_TASK PROMPT_.
Repeat only the lines below from the one containing "Черная футболка с" through the one containing "OTAN convocó reunión", inclusive, exactly as written.

_WORKING DATA_.

=-=-=

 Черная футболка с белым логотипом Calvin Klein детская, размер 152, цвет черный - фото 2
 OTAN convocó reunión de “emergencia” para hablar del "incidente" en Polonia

=-=-=

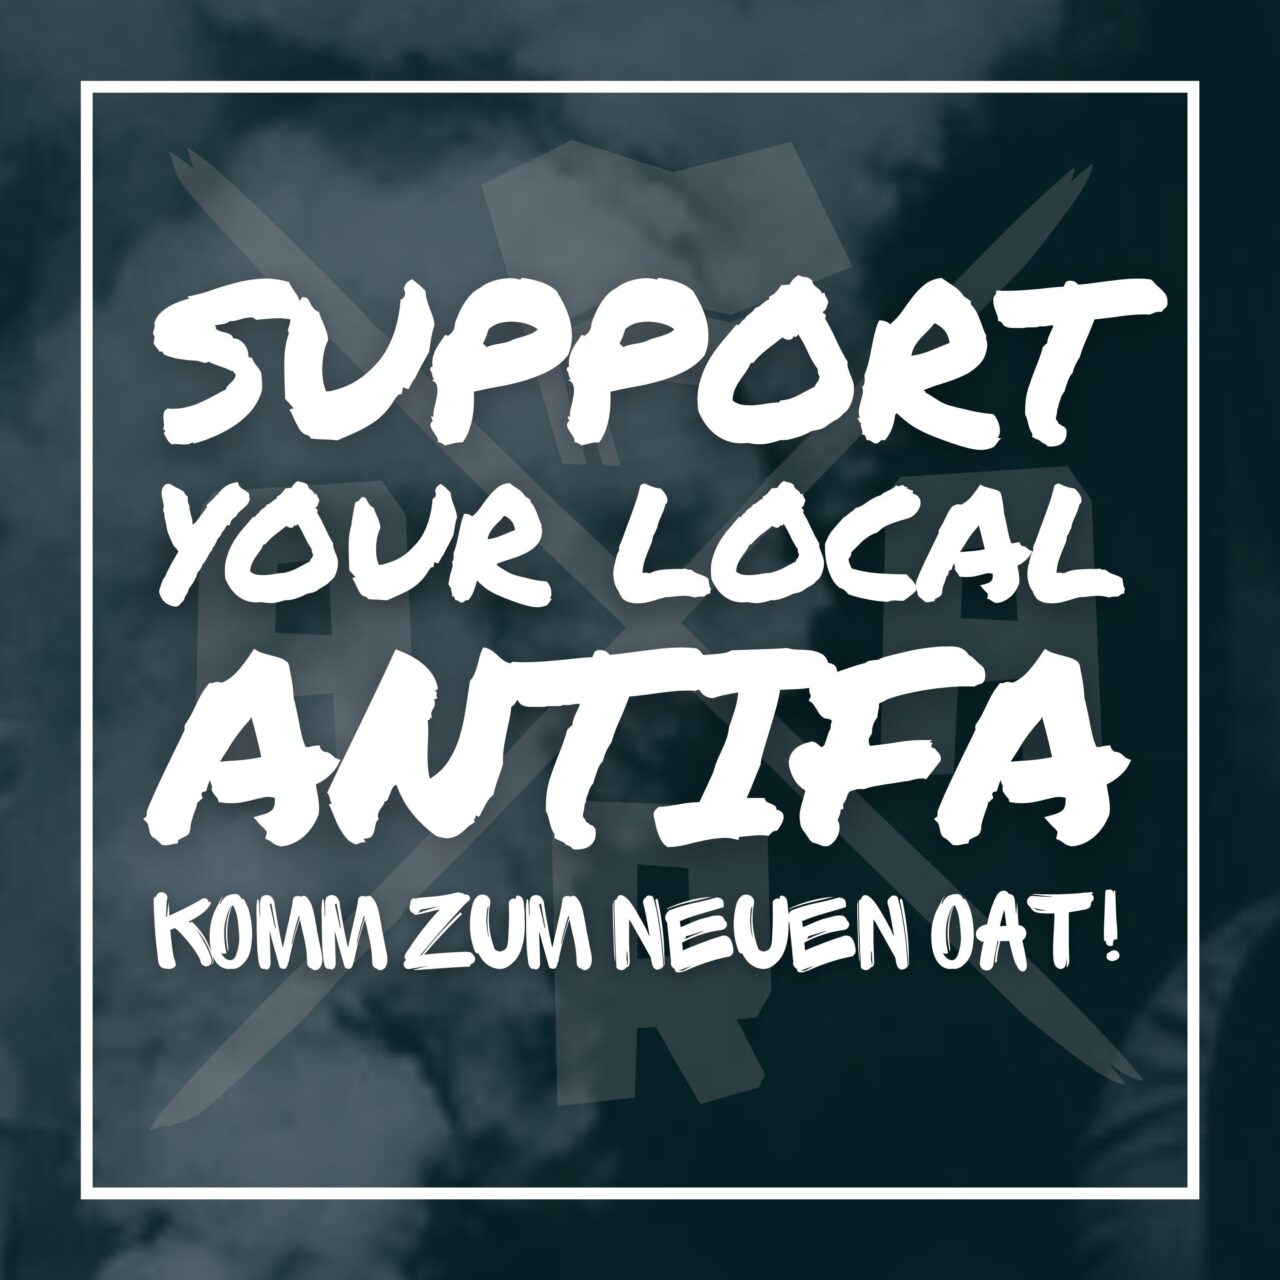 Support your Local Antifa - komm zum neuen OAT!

=-=-=

_RESPONSE AREA_.
 Черная футболка с белым логотипом Calvin Klein детская, размер 152, цвет черный - фото 2
 OTAN convocó reunión de “emergencia” para hablar del "incidente" en Polonia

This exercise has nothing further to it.